Book

What Can You Do with a Shoe?

📖 Overview

What Can You Do with a Shoe? presents children with a series of questions about everyday objects and their potential uses. The book pairs simple text with illustrations by Maurice Sendak. The story follows two children who explore and demonstrate various ways to interact with common items like shoes, chairs, and boxes. Through action and movement, they transform ordinary objects into tools for play and imagination. Through repetition and building complexity, this picture book invites young readers to consider new possibilities in their environment. The work celebrates creativity, open-ended play, and the power of a child's imagination to expand the purpose of familiar things.

👀 Reviews

Many readers describe this as a nostalgic childhood favorite from the 1950s-60s that captures kids' imagination through simple, rhythmic text about creative play. Parents note that children engage by suggesting their own ideas for using everyday objects like shoes. Readers liked: - The playful rhyming text that builds imaginative thinking - Maurice Sendak's black and white illustrations - Its ability to hold toddlers' attention through repetition - Value in teaching children to think creatively about ordinary objects Common criticisms: - Some found it repetitive to the point of tedium - A few mentioned the illustrations lack color - Limited availability of new copies Ratings across platforms: Goodreads: 4.14/5 (50+ ratings) Amazon: 4.7/5 (15 ratings) One librarian reviewer noted: "The questions and answers create natural pauses for children to participate in storytelling." Multiple reviewers mentioned successfully using it in preschool classrooms to encourage creative thinking exercises.

📚 Similar books

The Things I Can Do by Jeff Mack A child demonstrates creative ways to use everyday objects through paper-collage illustrations and hand-drawn elements.

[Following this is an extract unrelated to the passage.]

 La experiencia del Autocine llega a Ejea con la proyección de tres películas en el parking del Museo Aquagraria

Not a Box by Antoinette Portis A rabbit transforms a cardboard box into vehicles, buildings, and mountains through minimal line drawings.

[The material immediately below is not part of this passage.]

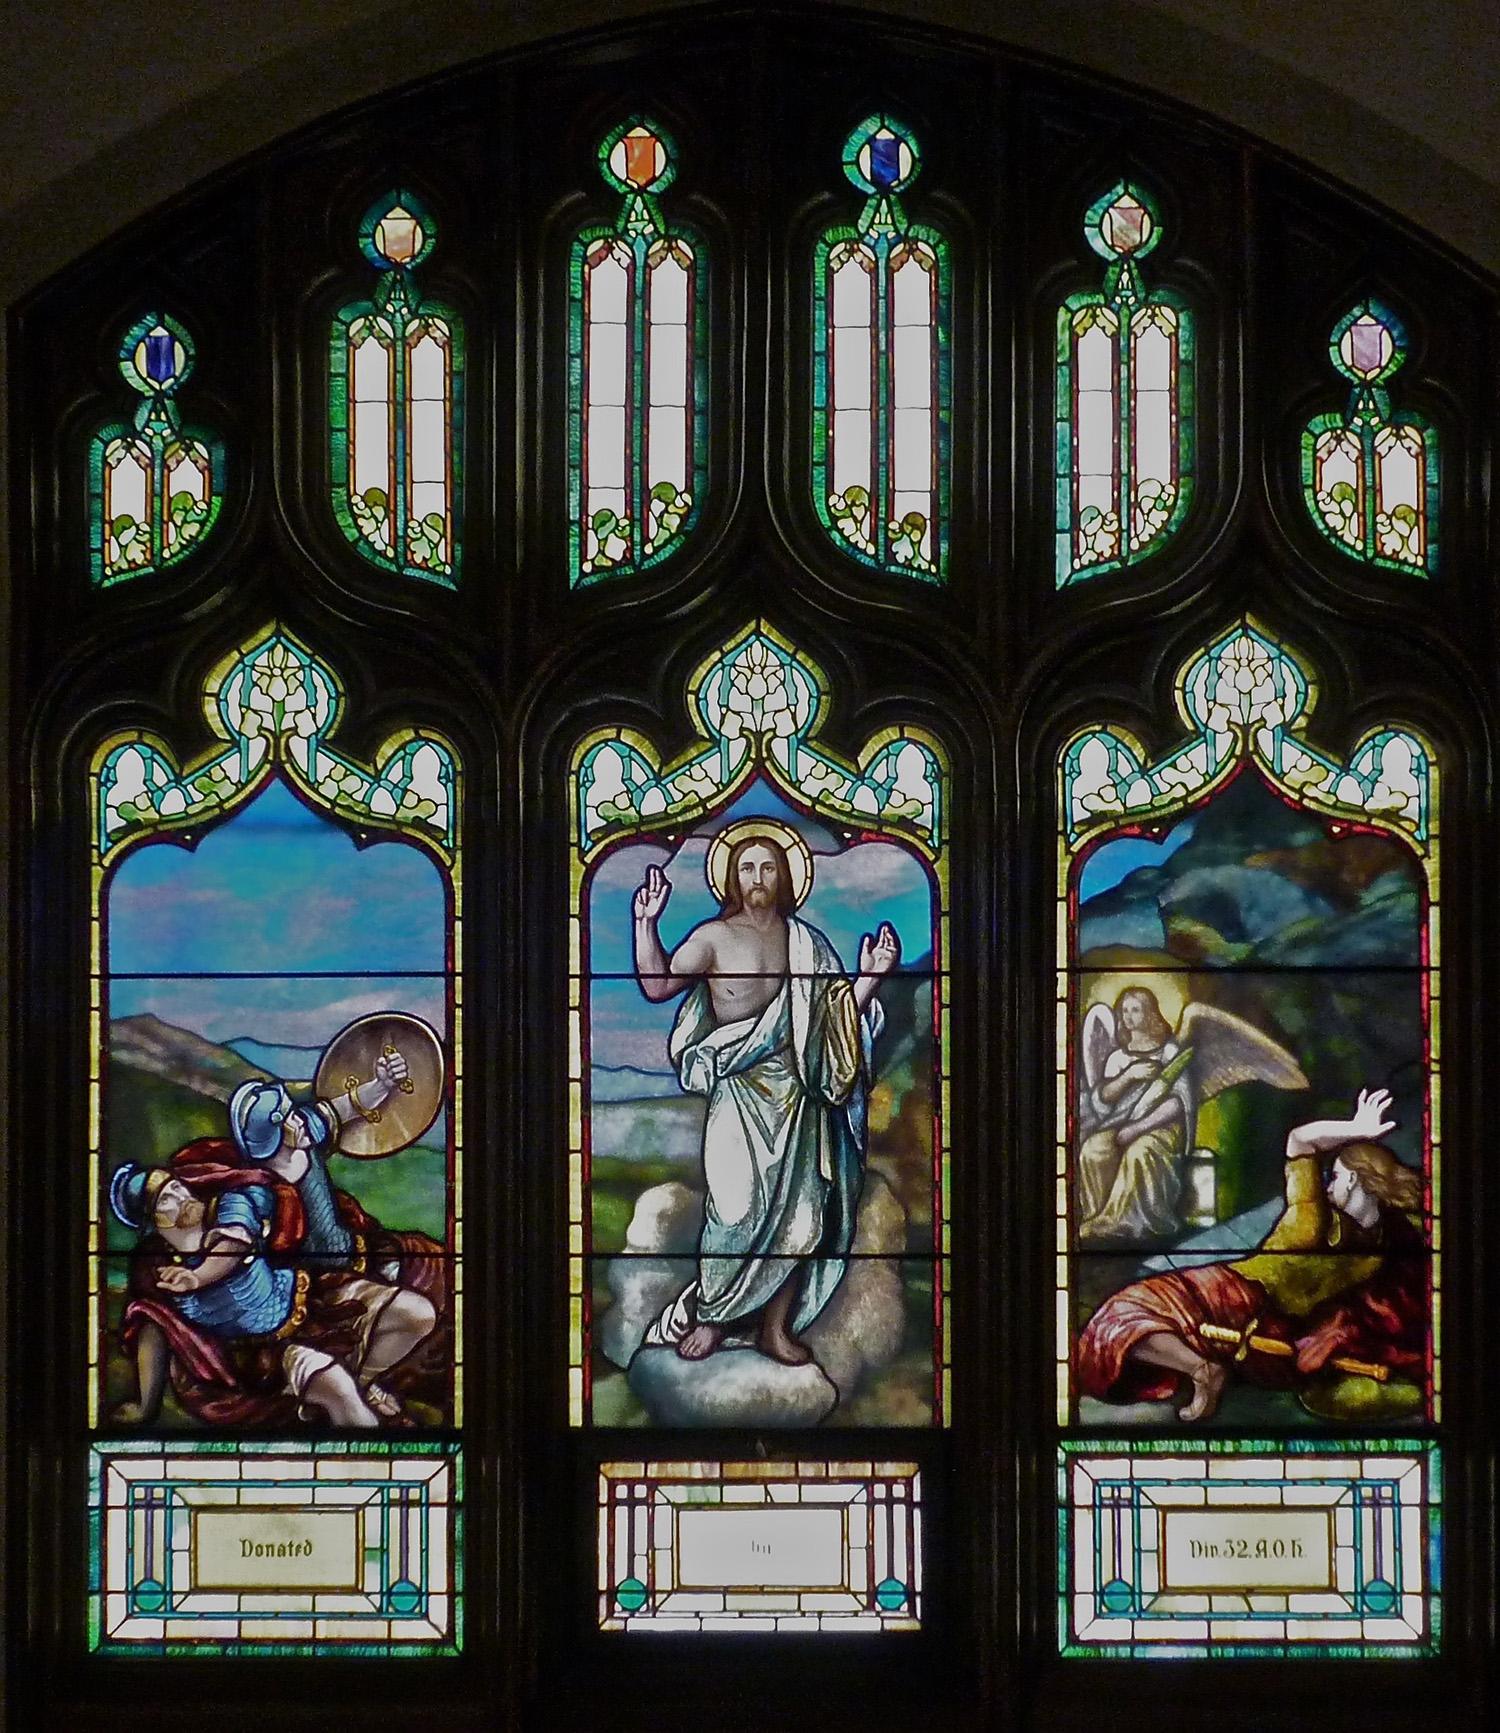 St. Leo's Restoration

I Know a Lot of Things by Ann Rand and Paul Rand Objects from children's daily lives become sources of imagination and discovery through simple text and graphic illustrations.

Harold and the Purple Crayon by Crockett Johnson A boy creates his own adventures by drawing new worlds and objects with his purple crayon.

What to Do with a Box by Jane Yolen and Chris Sheban The text and illustrations present multiple transformations of a simple cardboard box into ships, houses, and performance spaces.

🤔 Interesting facts

🌟 Author Beatrice Schenk de Regniers wrote over 50 children's books during her career, earning multiple awards for her work. 👟 The book's playful illustrations were created by Maurice Sendak, who later became famous for "Where the Wild Things Are." 🎭 The text follows a rhythmic, theatrical pattern that makes it ideal for classroom performances and read-aloud sessions. 📚 Published in 1955, the book was one of the early examples of children's literature that encouraged creative thinking and imaginative play with everyday objects. 🎨 The black-and-white illustrations were intentionally simple to help young readers focus on the concept that ordinary items can have extraordinary uses.